*** Opening SOURCE MATERIAL ***
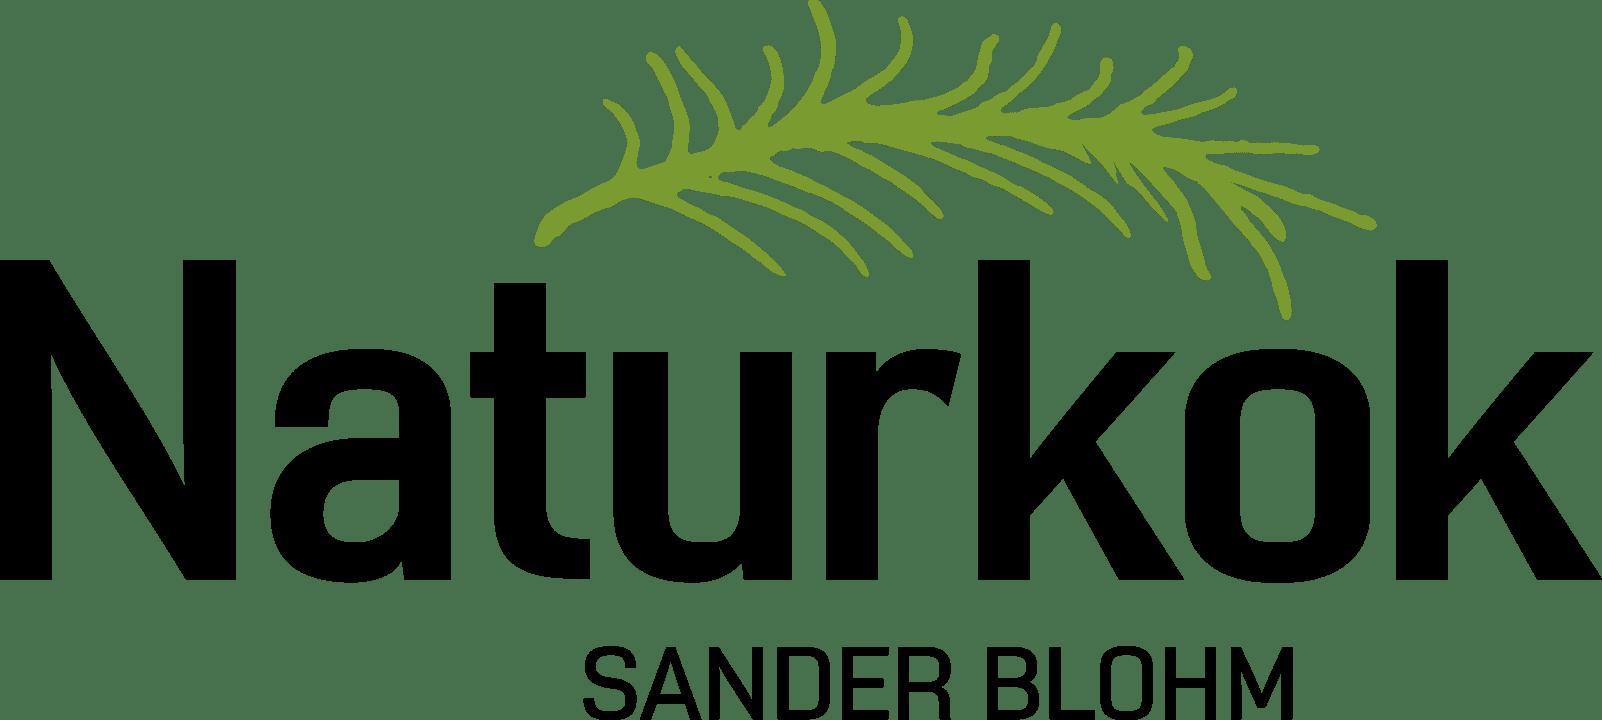 Naturkok Sander Blohm logo
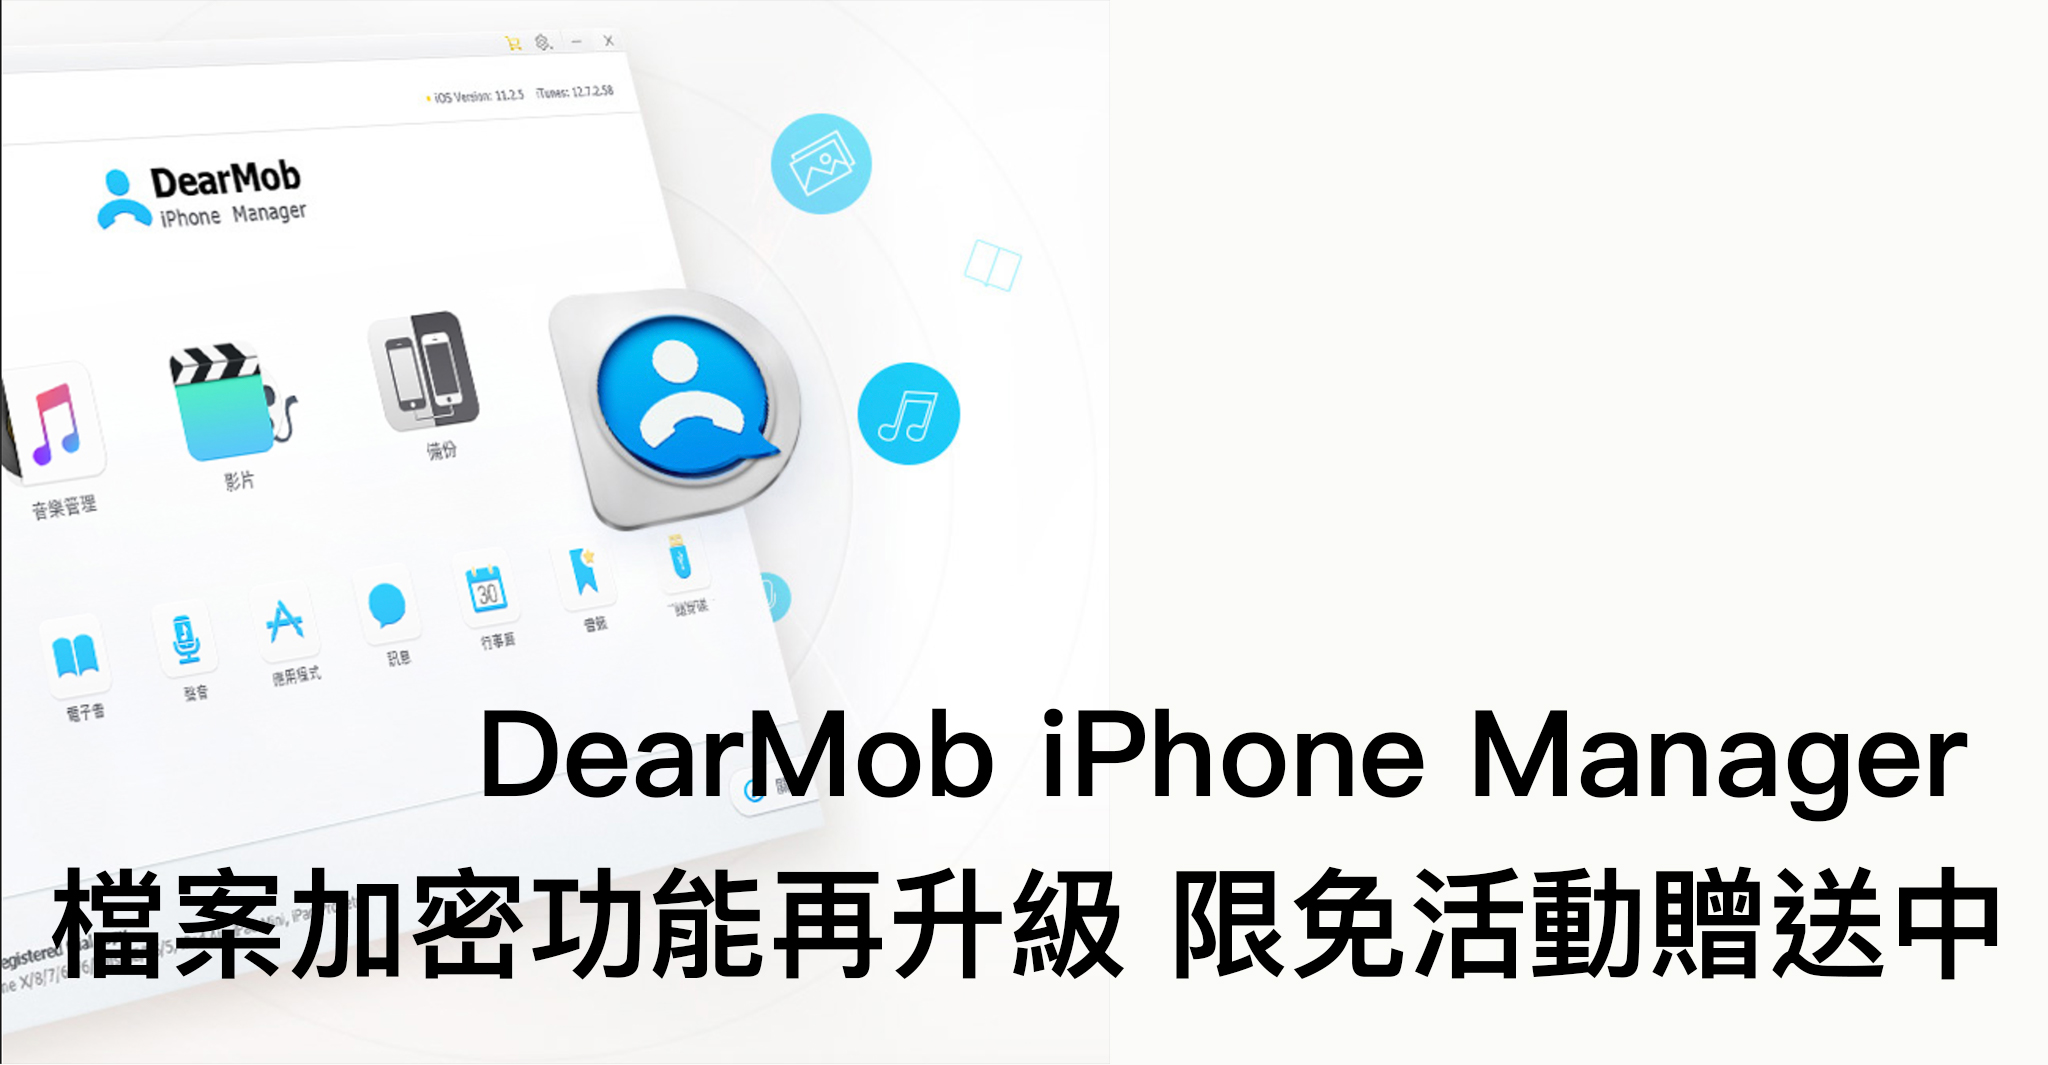 DearMob iPhone Manager 檔案加密功能再升級 限免活動贈送中
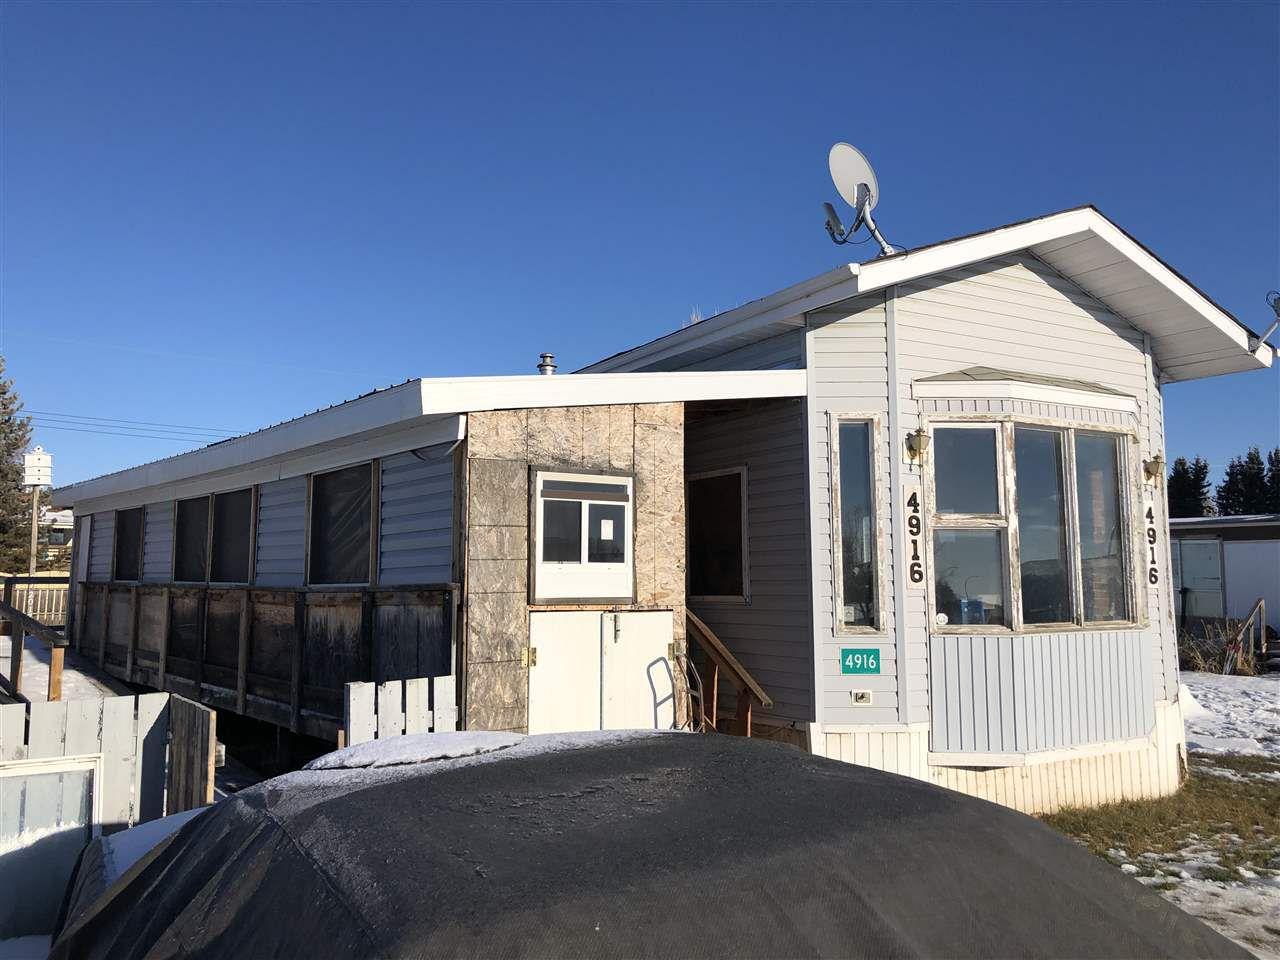 Main Photo: 4916 48 Avenue: Vimy Manufactured Home for sale : MLS®# E4137138
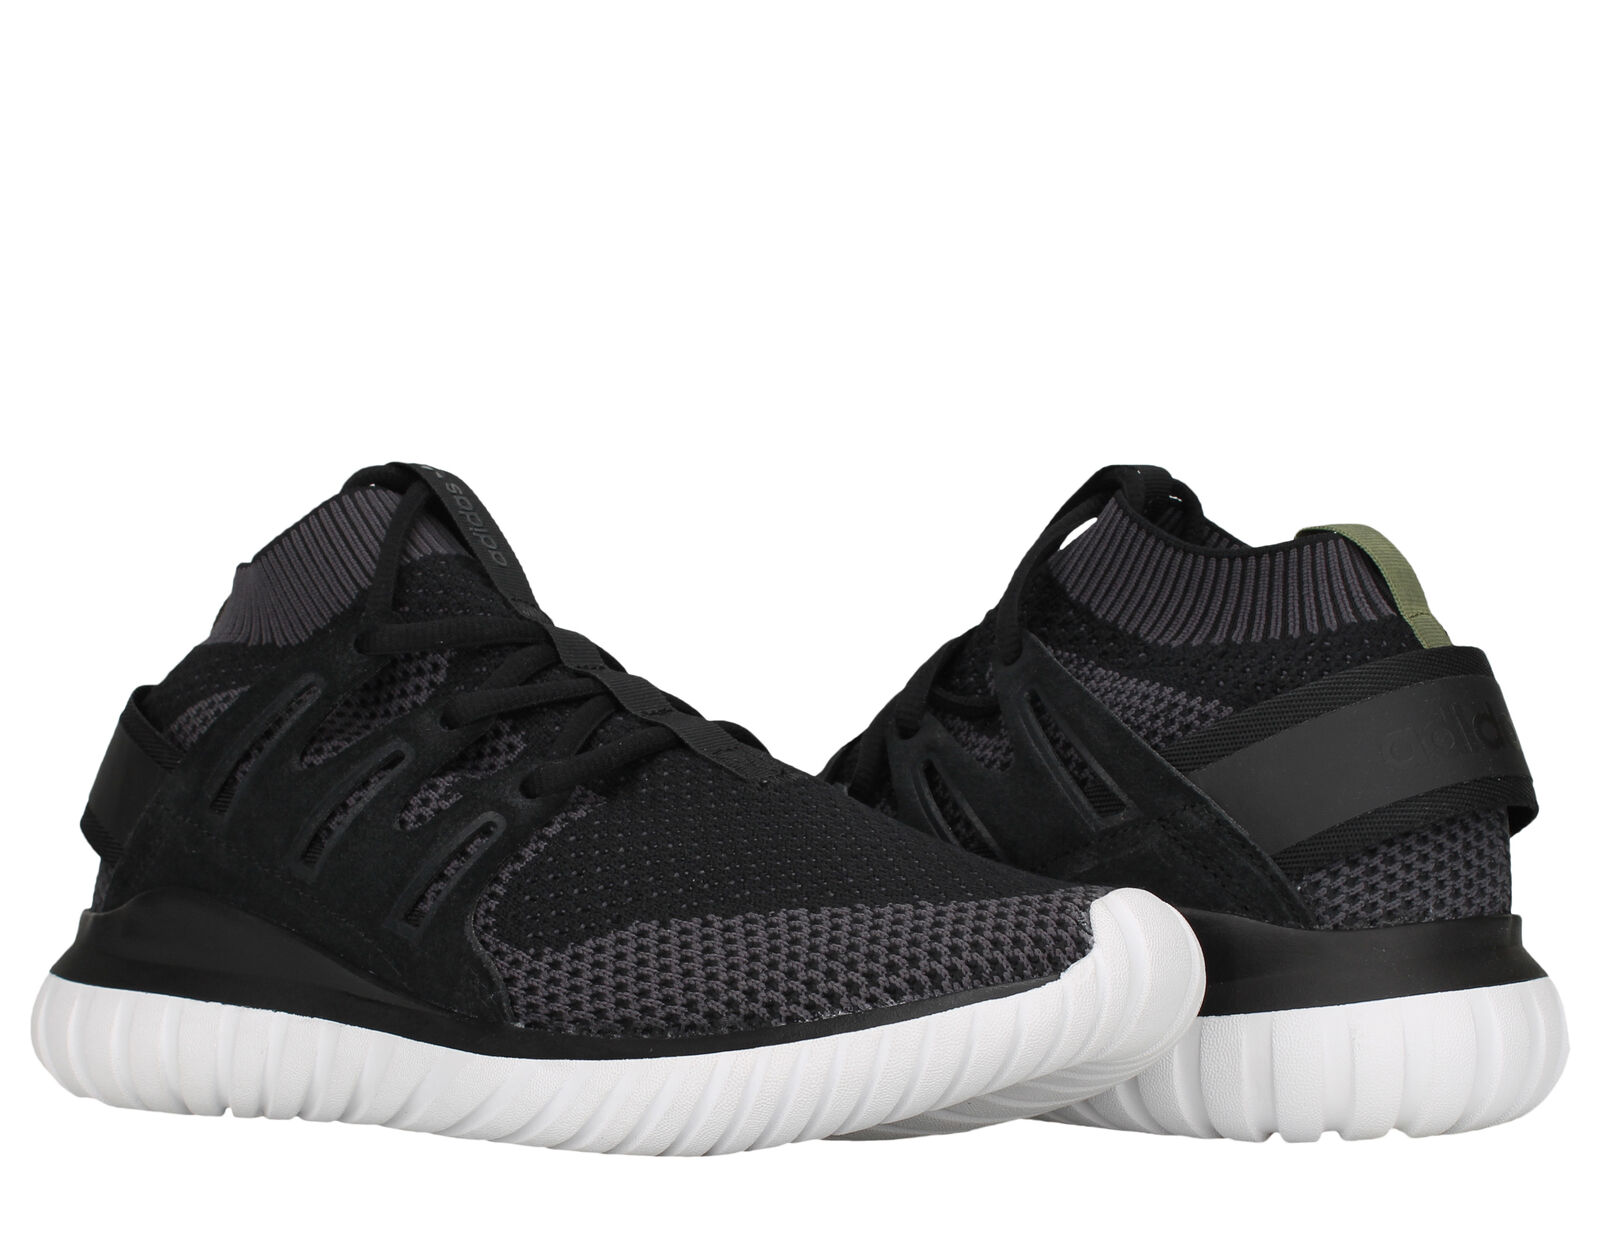 Adidas Tubular Nova PK Primeknit Black/White Men's Running Shoes S74917
*** Closing SOURCE MATERIAL ***
## EXERCISE INSTRUCTIONS:
Recopy the full listing exactly, passing over any picture.

## RESULT OF THE EXERCISE:
 Naturkok Sander Blohm logo
 DearMob iPhone Manager 檔案加密功能再升級 限免活動贈送中
 Main Photo: 4916 48 Avenue: Vimy Manufactured Home for sale : MLS®# E4137138
 Adidas Tubular Nova PK Primeknit Black/White Men's Running Shoes S74917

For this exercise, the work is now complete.